Генерал Терцич добавил, что арестами отставных военных, обвиняемых трибуналом, должны заниматься гражданские власти. Он сказал, что армия сотрудничает с трибуналом: генералу Небойше Павковичу, генералу Александру Васильевичу и другим отставным генералам выданы официальные разрешения. Эти люди получили разрешение общаться со следователями. Но он неодобрительно высказался в адрес Васильевича, который начал сотрудничать с прокурорской службой до получения официального разрешения.

Я снова перешла к главной теме нашей встречи и спросила, где находится Младич. Готова ли армия разыскать его? Генерал Гойович ответил, что отставные офицеры не подпадают под юрисдикцию югославской армии. Армия не может вести в их отношении никаких уголовных расследований, в том числе и разыскивать их для вручения ордеров на арест. Этим должна заниматься полиция.

«Генерал, — вспылила я, — министр внутренних дел, Душан Михайлович, сказал мне, что полиция не может арестовать Младича, поскольку он находится под защитой югославской армии… Из надежных источников мы получили информацию о том, что Младич посещает военные объекты, для прохода на которые у него есть специальный пропуск… Даже Павкович это подтвердил… И у нас есть информация о том, что он лечился в [главном военном госпитале в Белграде] и часто останавливается в загородном доме отставного генерала».

Генералы Крга и Томич постоянно повторяли, что поиск и арест Младича — это проблема министра внутренних дел Михайловича. Томич указал на то, что полиция могла арестовать Младича, когда он входил или выходил из военного госпиталя в Белграде, если, конечно, он вообще там был, что Томич с плохо скрываемой усмешкой категорически отрицал.

Руководитель следствия Патрик Лопес-Террес указал на то, что трибунал выдвинул обвинения против преступников в то время, когда они еще служили в югославской армии, и армия не стала их арестовывать. Он добавил, что армия должна располагать информацией, которая помогла бы выяснить местонахождение этих людей. Готова ли она помогать полиции в этих действиях? Томич уклонился от четкого ответа.

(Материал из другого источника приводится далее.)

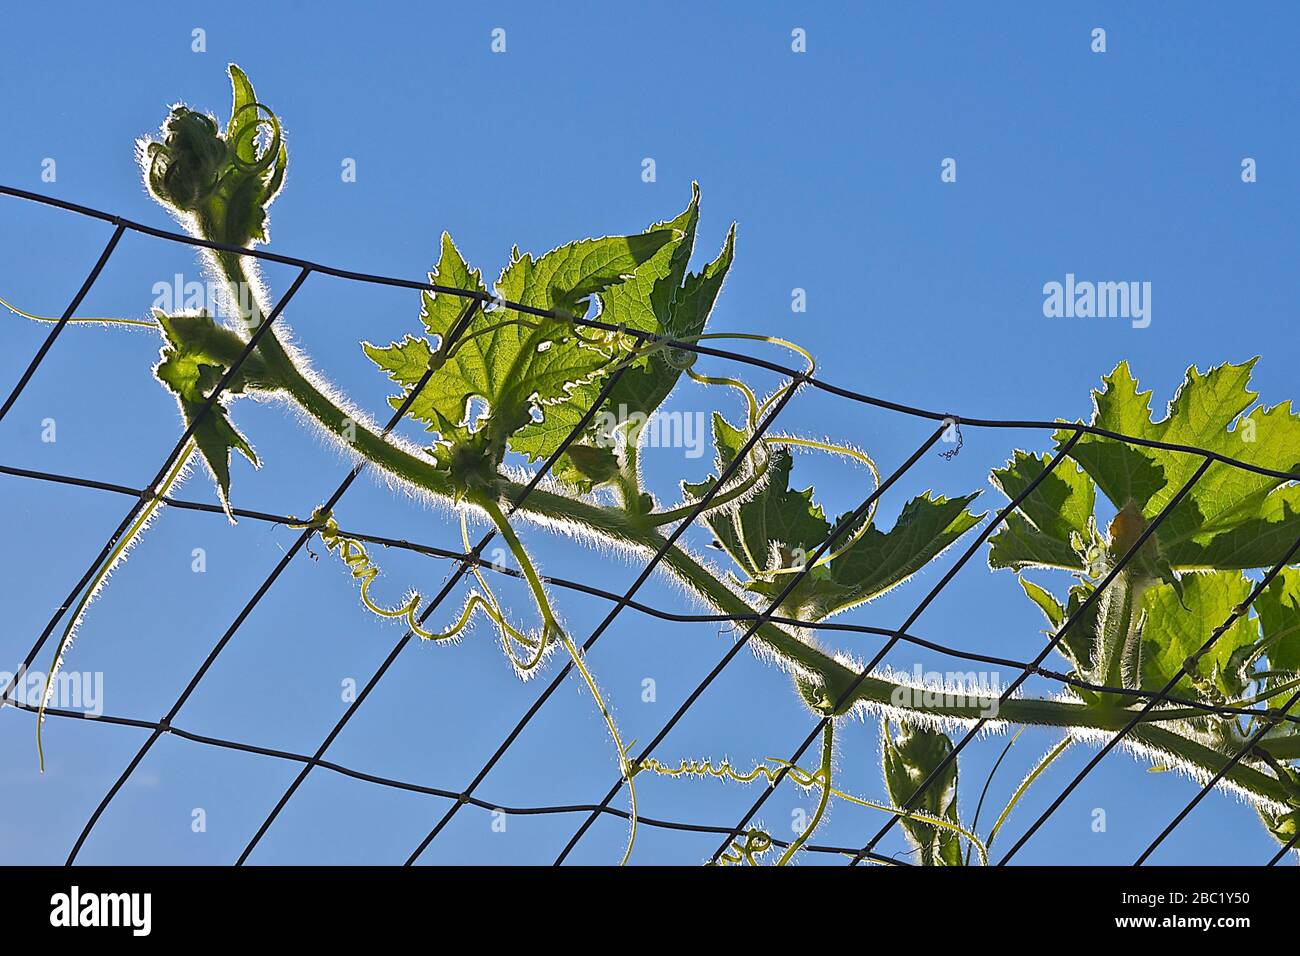 Organic winter melon plant climbing up the chicken wire mesh, part of urban gardening project, is seen on a sunny summer day Stock Photo

Он в очередной раз повторил, что искать преступников — не дело армии, а потом добавил, что наша информация о Младиче и его действиях, в том числе и совершенно надежная информация о том, что Томич встречался с Младичем, абсолютно не соответствует действительности. «Младич не мог лечиться в [военном госпитале в Белграде], он не мог пройти туда незамеченным», — заверил нас Томич. Но мою просьбу проверить документы и выяснить, лечился ли Младич в военном госпитале в последние несколько месяцев, он тут же отклонил.

Я снова попыталась получить от генералов нужную мне информацию: «Располагает ли разведка и контрразведка информацией о том, где Младич мог находиться в Сербии прежде? Могут ли они предоставить нам такую информацию?» Я четко дала понять, что югославская армия может и не мечтать попасть в программу НАТО «Партнерство ради мира», пока Младич остается на свободе, а армия ничего не делает для того, чтобы его задержать. «Однако в случае позитивной реакции я поддержу позицию Югославии в соответствующих международных организациях», — добавила я.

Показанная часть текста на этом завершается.